As i explained as i was getting over my study of personality types... i dont think boxes should be permanent but to the extent that they will better my life and my ability to help others i will use them. when i become obsessive about any one thing as philosophers seem to get on the topic that i am blogging about i think that it is time to lay off it.
everyone says that the study of philosophy is the basis for everything. as a true postmodernist i will say that i think it has its place but obsessing over it will get you no where. i wonder if it is against current definitions to say that i am a progressive philosopher for what i can get out of what i do... not for what questions i can bring up from what i do.
the following quote could help a little so i will include it now.
"if Descartes is seen as the father of modernism, then postmodernism is a variety of cultural positions which reject major features of Cartesian (or allegedly Cartesian) modern thought. Hence, views which, for example, stress the priority of the social to the individual; which reject the universalizing tendencies of philosophy; which prize irony over knowledge; and which give the irrational equal footing with the rational in our decision procedures all fall under the postmodern umbrella."
http://www.hku.hk/philodep/ugrad/glossar y.htm" title="http://www.hku.hk/philodep/ugrad/glossar y.htm" target="_blank"http://www.hku.hk/philodep/ug...
i would like to point out the universalising tendencies of people who are trying to talk to me about this. i may not be a realist just from saying that i think universalising is unapplicable to not universal concepts. even though people say that they are working from definitions as realists and most likely modernists i think that they are just avoiding the question i pose that they must prove their definitions are real. i do not mind setting something up based on definitions (not labels btw) that set up communication based on abstract concepts to describe concrete things. i had one view told to me today in which the person stated that because the basic building blocks of language are abstract that everything we say is abstract and therefore, by their own defintion i must point out, not real. i believe that there are concrete things in the world. that is not a problem for me as it seems to be for others. i also believe that many things are made up, such as scientific theories. this will really annoy realists and modernists as they believe that through their scientific method they can find truth that others will experience. i can accept things that others say on their word as long as the concept does not cause a contradiction in my head. this is not to say i cannot accept a contradiction. i have a sophisticated modernist view in reality. in the event of a contradiction i will study further to try and eliminate it if possible. to take this to a third step which is obviously not rational as modernist philosophers will argue but i will judge all the evidence and form a definite position, at least at that point in time about what i think on a subject.

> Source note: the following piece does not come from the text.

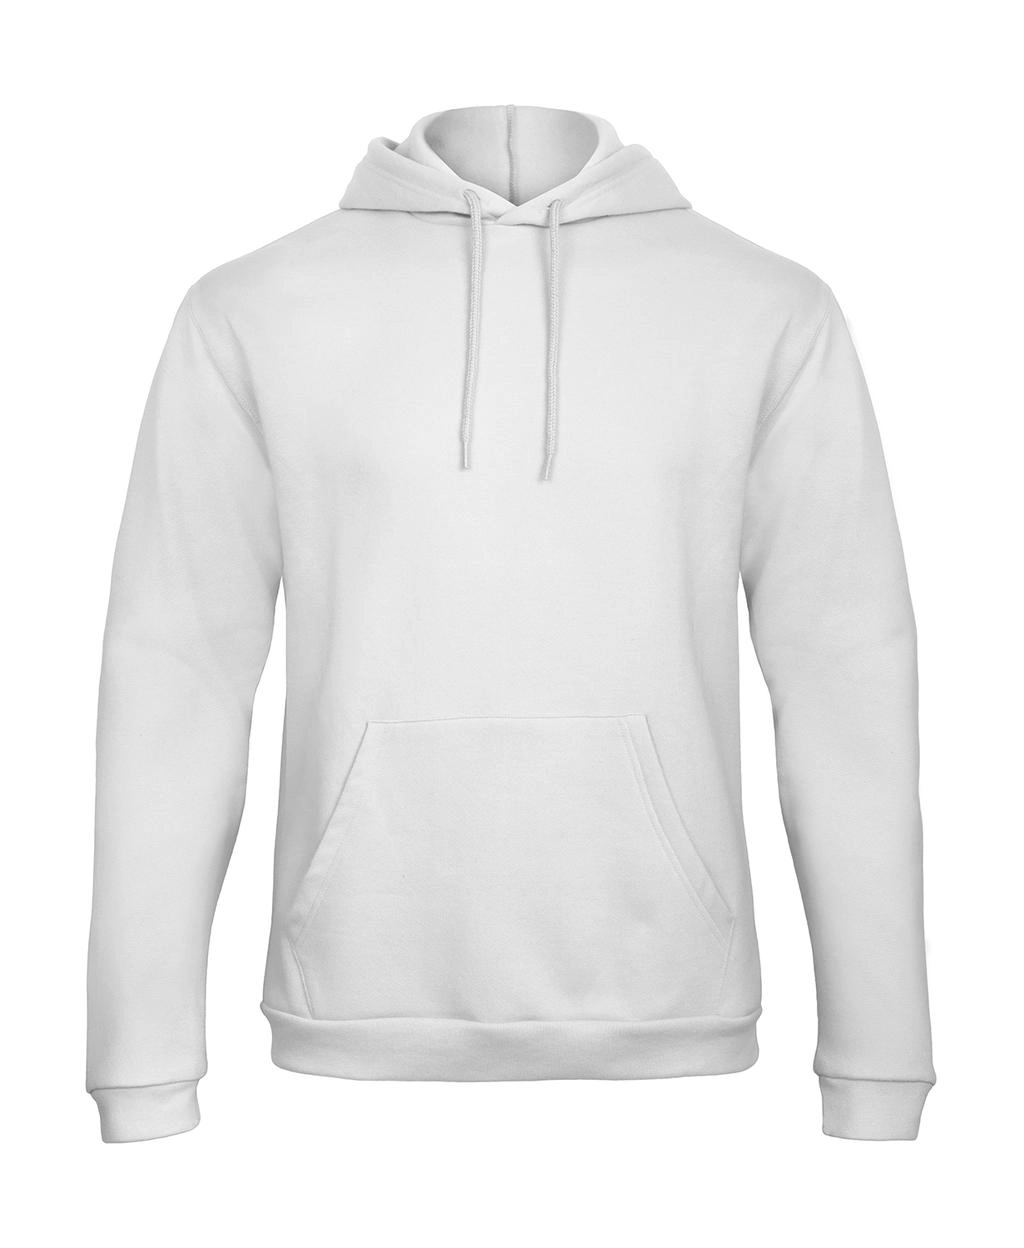 ID.203 50/50 Hooded Sweatshirt Unisex  zum Besticken und Bedrucken in der Farbe White mit Ihren Logo, Schriftzug oder Motiv.

i am an extremely fluid modernist as far as i can tell. modernists will reject me though because of my lack of universality on everything. postmodernists will also reject me because i have rational tendencies in things like religion and in particular, my religion and my concepts that my faith encompasses. postmodernism seems self defeating both from within in terms of what can be accepted and from a modernist view in that it is not rational. i base my faith on my acceptance of both observations and what the effects on society have been from christ. apart from that it is the only logical way that i see where i cannot and do not have to work for my salvation and that the whole concept of love shows that someone cares about me as a person/entity/soul.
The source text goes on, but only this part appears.